■ Problem requirements: Return the data word for word. Pictures are to be omitted.

** Opening Supplied data block **

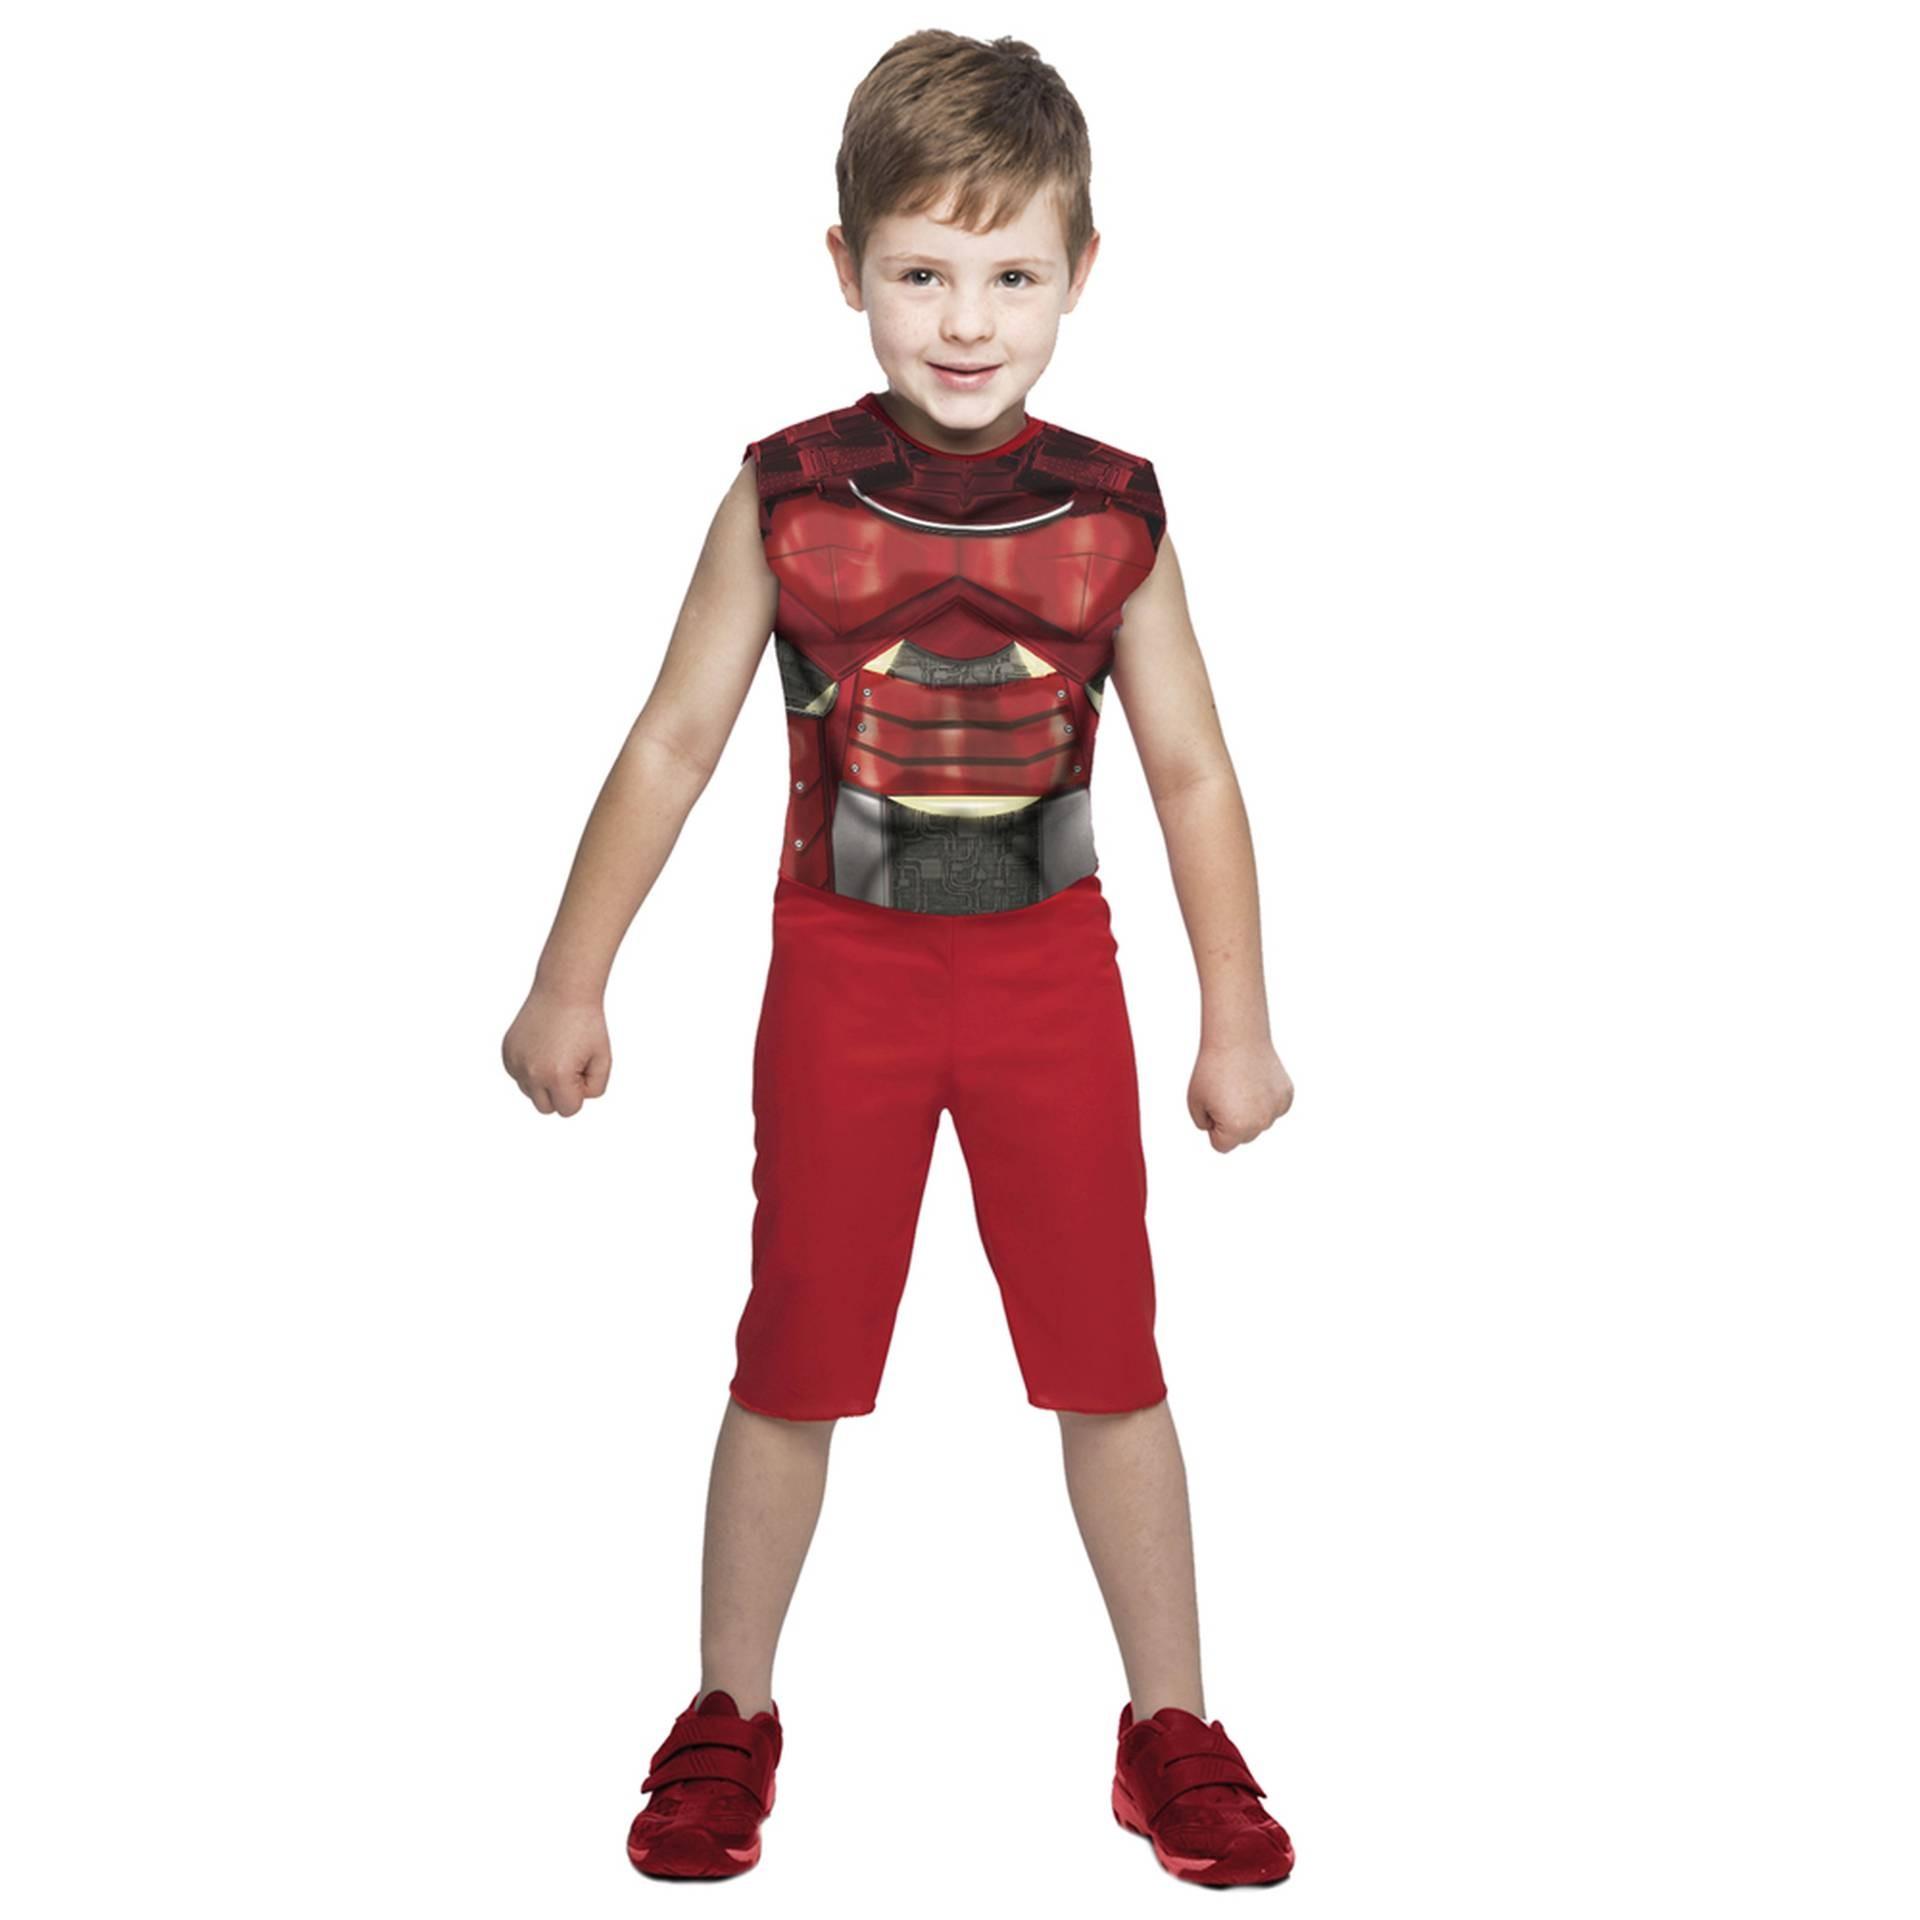 Fantasias de Super Soldado Estelar, macacão com músculos
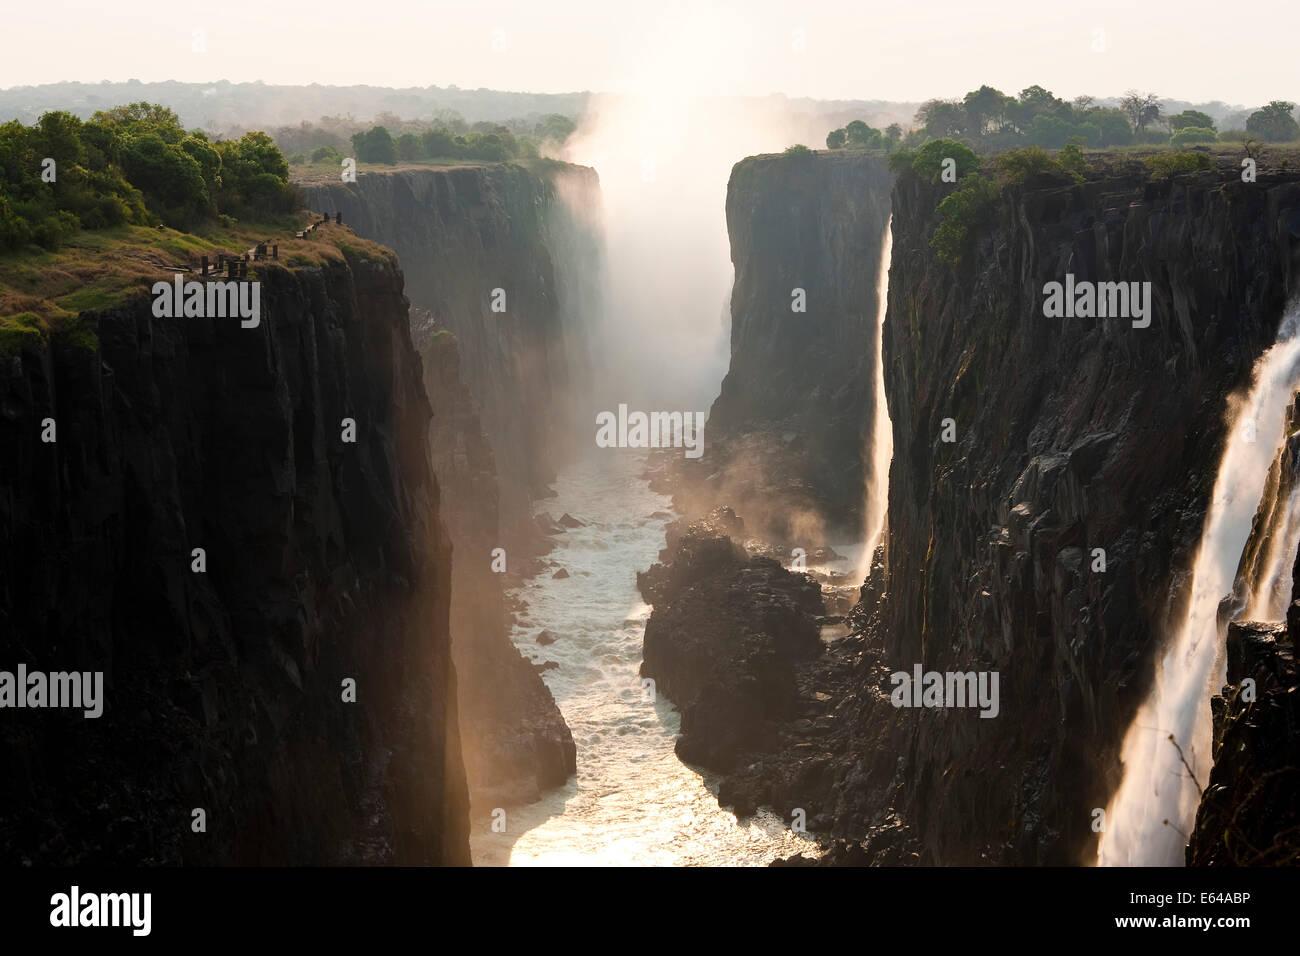 Victoria Falls, Zambia - Stock Image
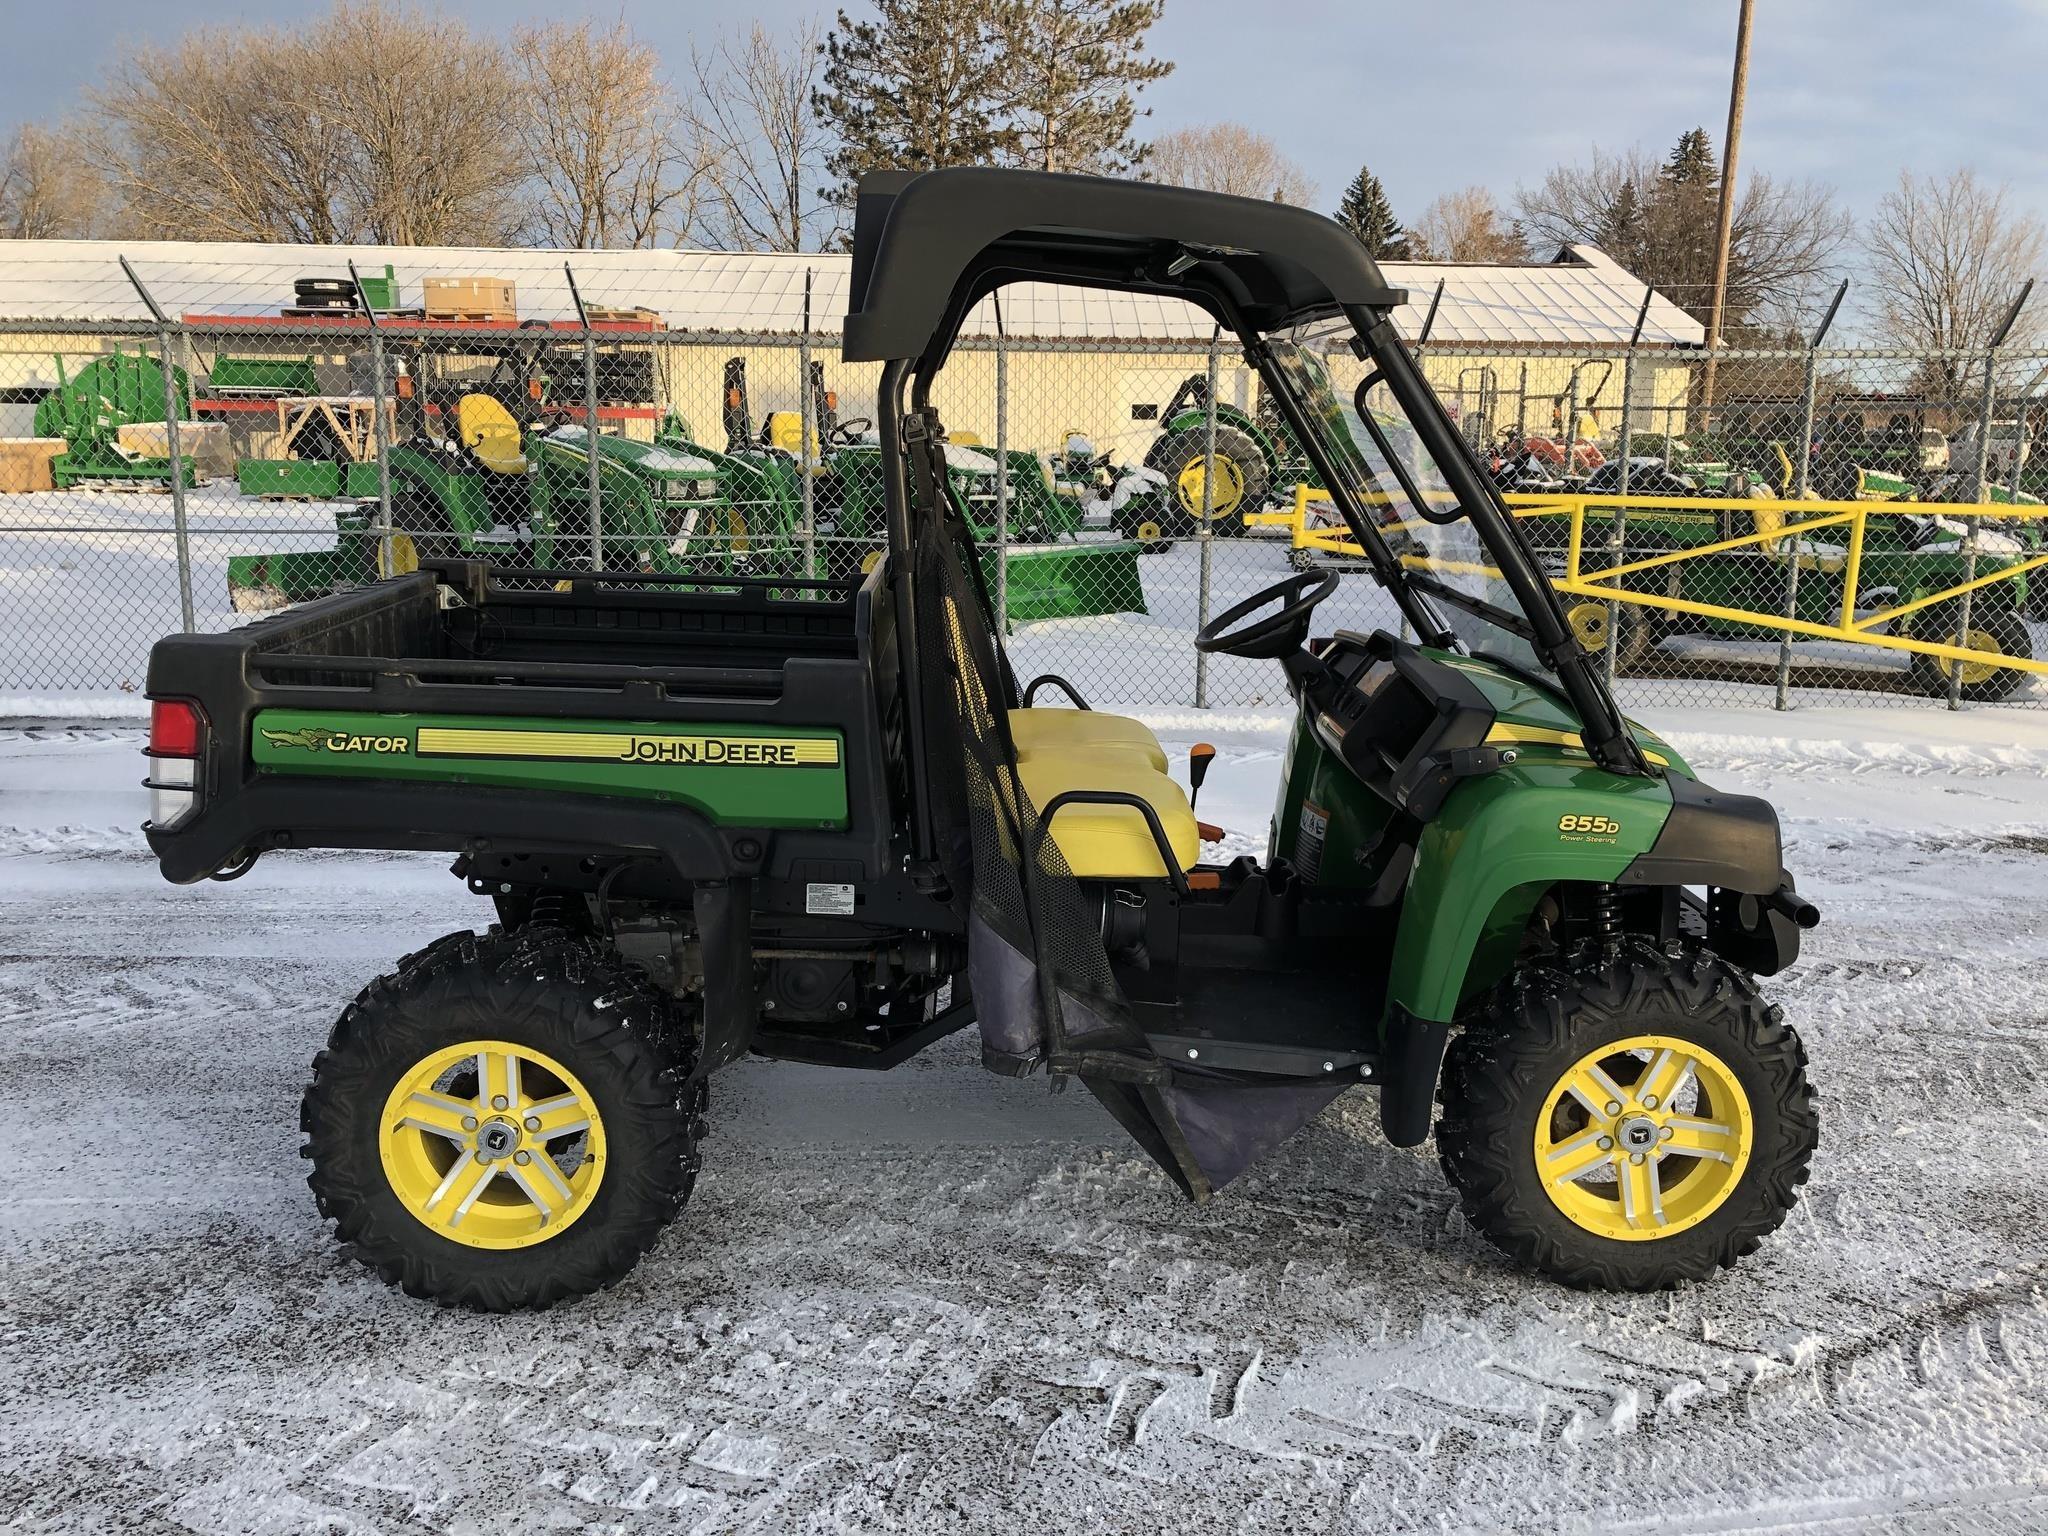 John Deere Gator >> 2017 John Deere Gator Xuv 855d For Sale In Columbus Minnesota

** Closing Supplied data block **

■ Task output:
 Fantasias de Super Soldado Estelar, macacão com músculos
 Victoria Falls, Zambia - Stock Image
 John Deere Gator >> 2017 John Deere Gator Xuv 855d For Sale In Columbus Minnesota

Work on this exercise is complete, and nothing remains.